Hacker News new | ask | show | jobs
by gildas 2308 days ago
SingleFile [1] can do that, i.e. automatically save viewed pages and/or bookmarks, but it will save pages in HTML. Alternatively, SingleFileZ [2] can do the same but will produce zip files (disguised as HTML files). Disclosure: I'm the author.

[1] https://github.com/gildas-lormeau/SingleFile

[2] https://github.com/gildas-lormeau/SingleFileZ

2 comments

I'm using something similar I believe. I simply wrote a puppeteer automated browser to go through every page and saves it as `.mhtml` This work quite well for my purpose. I was archiving a site with content that I pay for and sits behind my login. I often use material from it when I'm offline and hence needed to put together this hack.
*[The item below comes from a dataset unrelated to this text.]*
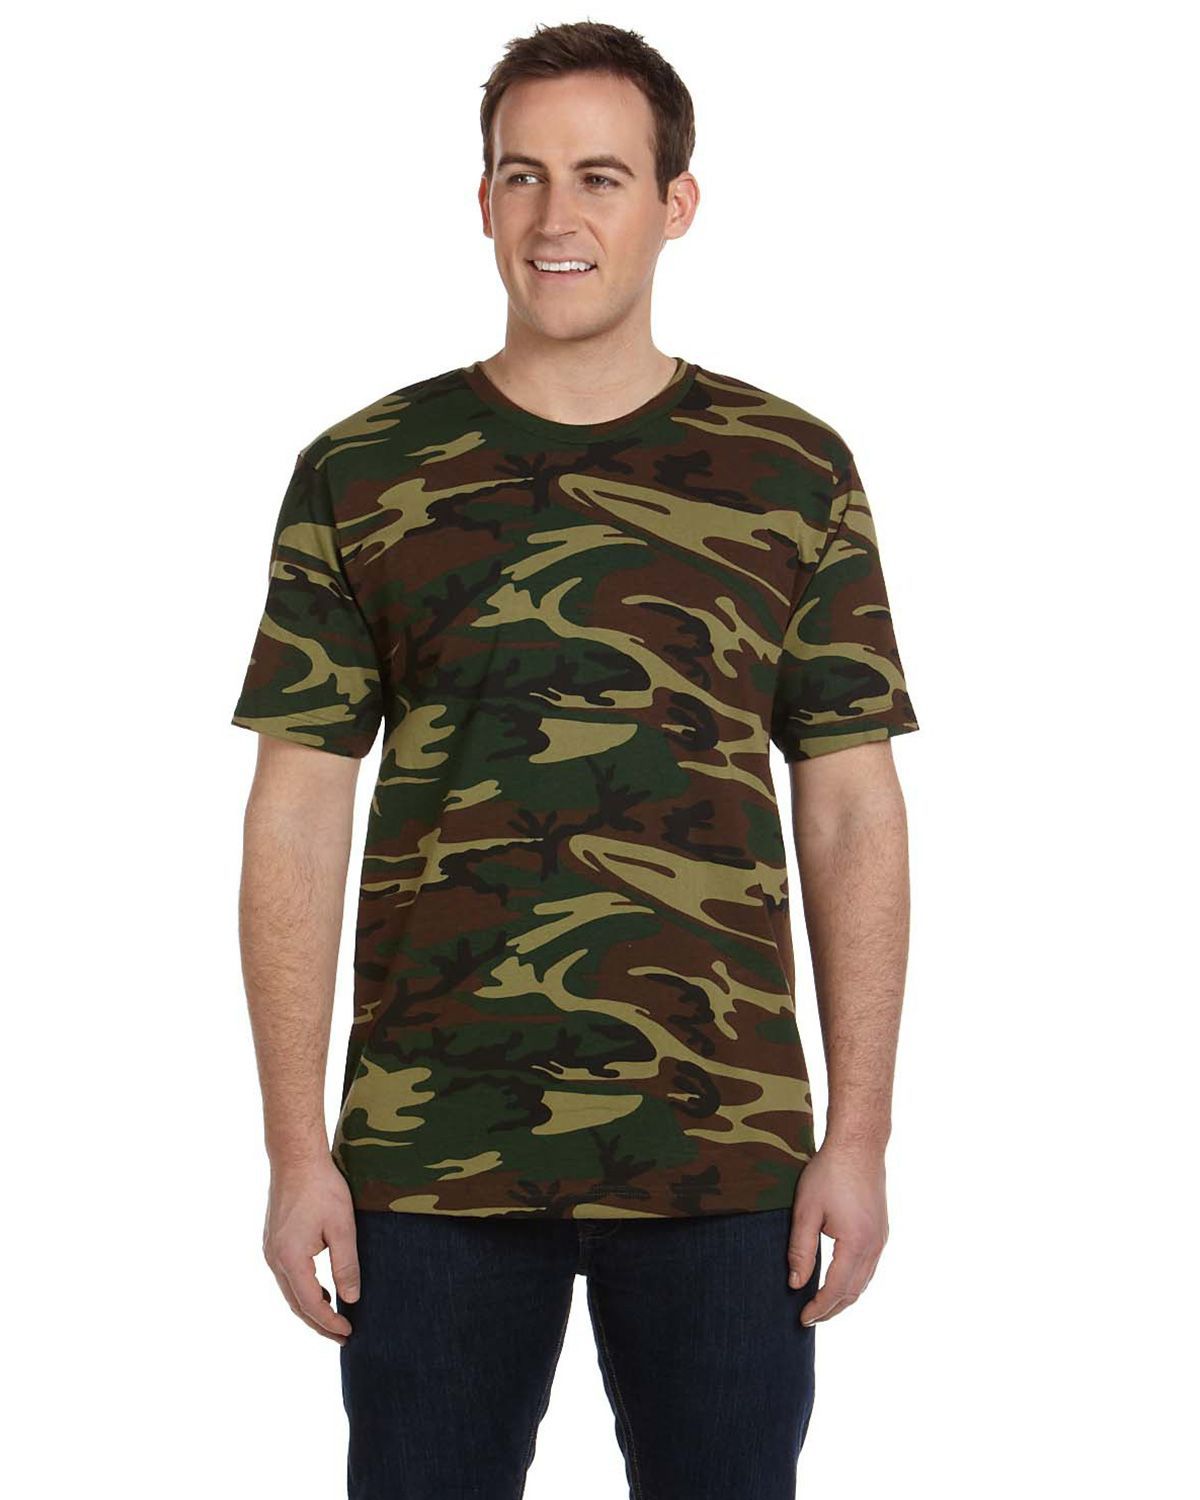 Code Five LS3906 5.5 oz. Adult Camouflage T-Shirt - ApparelnBags.com
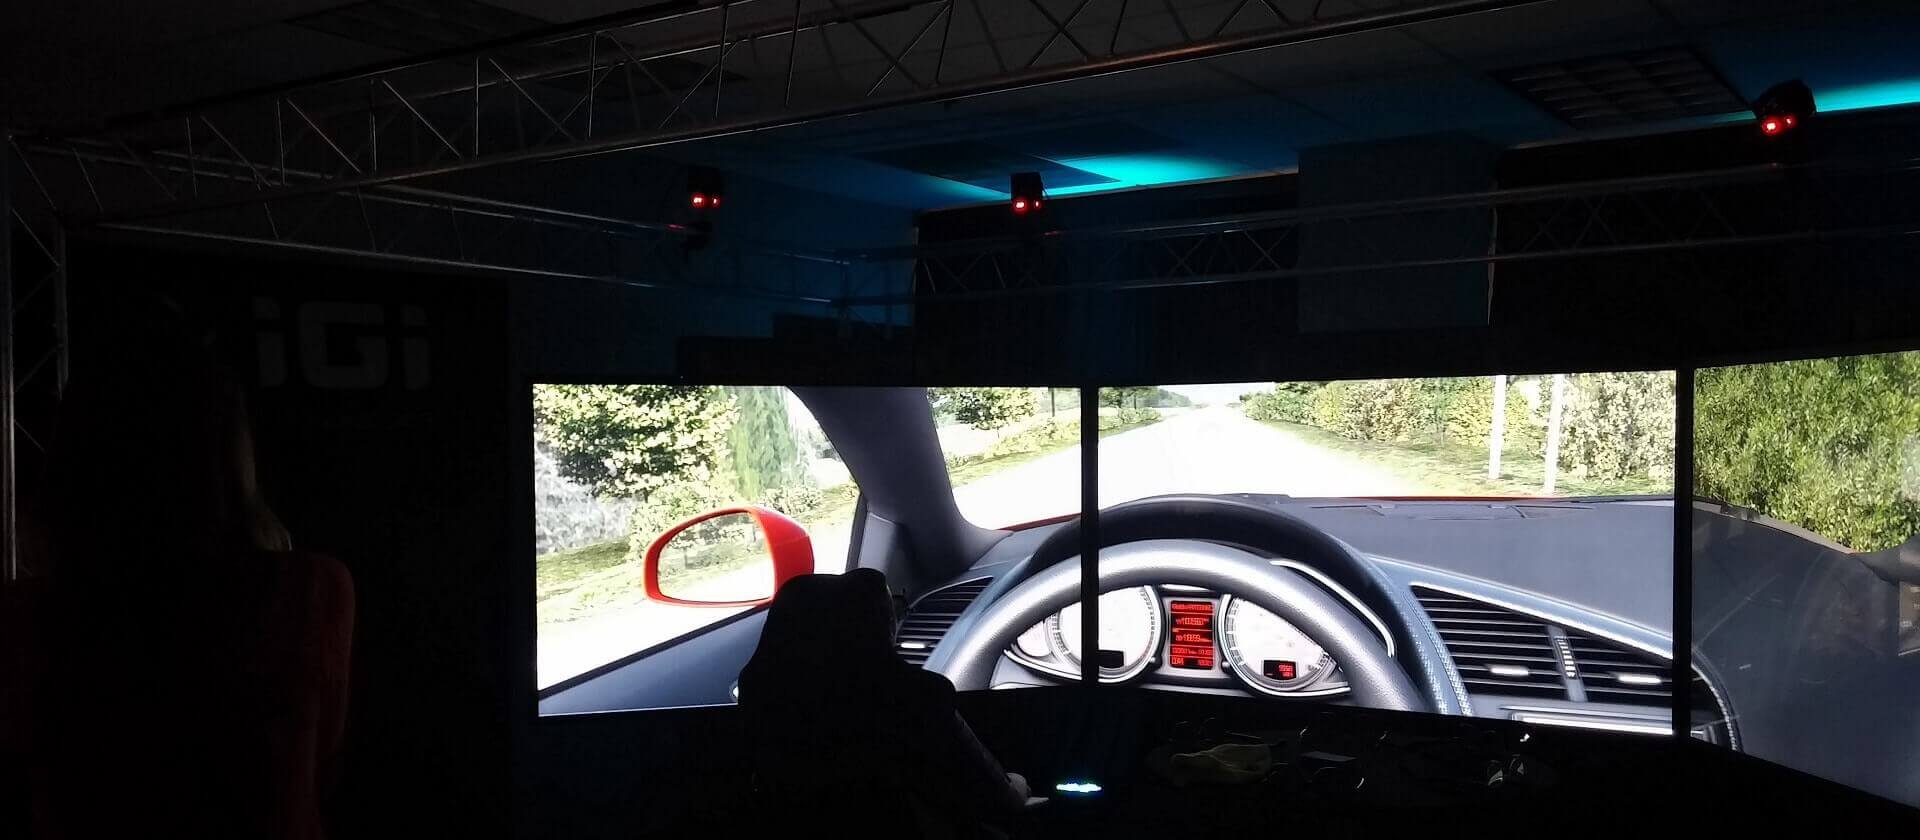 IGI driving simulator automotive AV virtual reality

The below code does the job of saving the page as a single file.

```

        const page = await this.browser.newPage()
        const response = await page.goto(url, { timeout: 50000 })

        if (response.status() === 404) {
            await page.close()
            throw new Error('not found')
        }

        // credit: https://stackoverflow.com/questions/54814323/puppeteer-how-to-download-entire-web-page-for-offline-use
        const cdp = await page.target().createCDPSession();
        const { data } = await cdp.send('Page.captureSnapshot', { format: 'mhtml' });

        const htmlFilename = "./data/" + slugify(url)+'.mhtml';
        fs.writeFileSync(htmlFilename, data);
```
I've been looking for something like this for a while now, to store all pages I visit into a personal archive, but all the options I found either involved setting up a proxy and MITMing all your requests (too much effort to set up) or saved to a format I could not easily access.

So far, SingleFile looks like a perfect fit, thanks!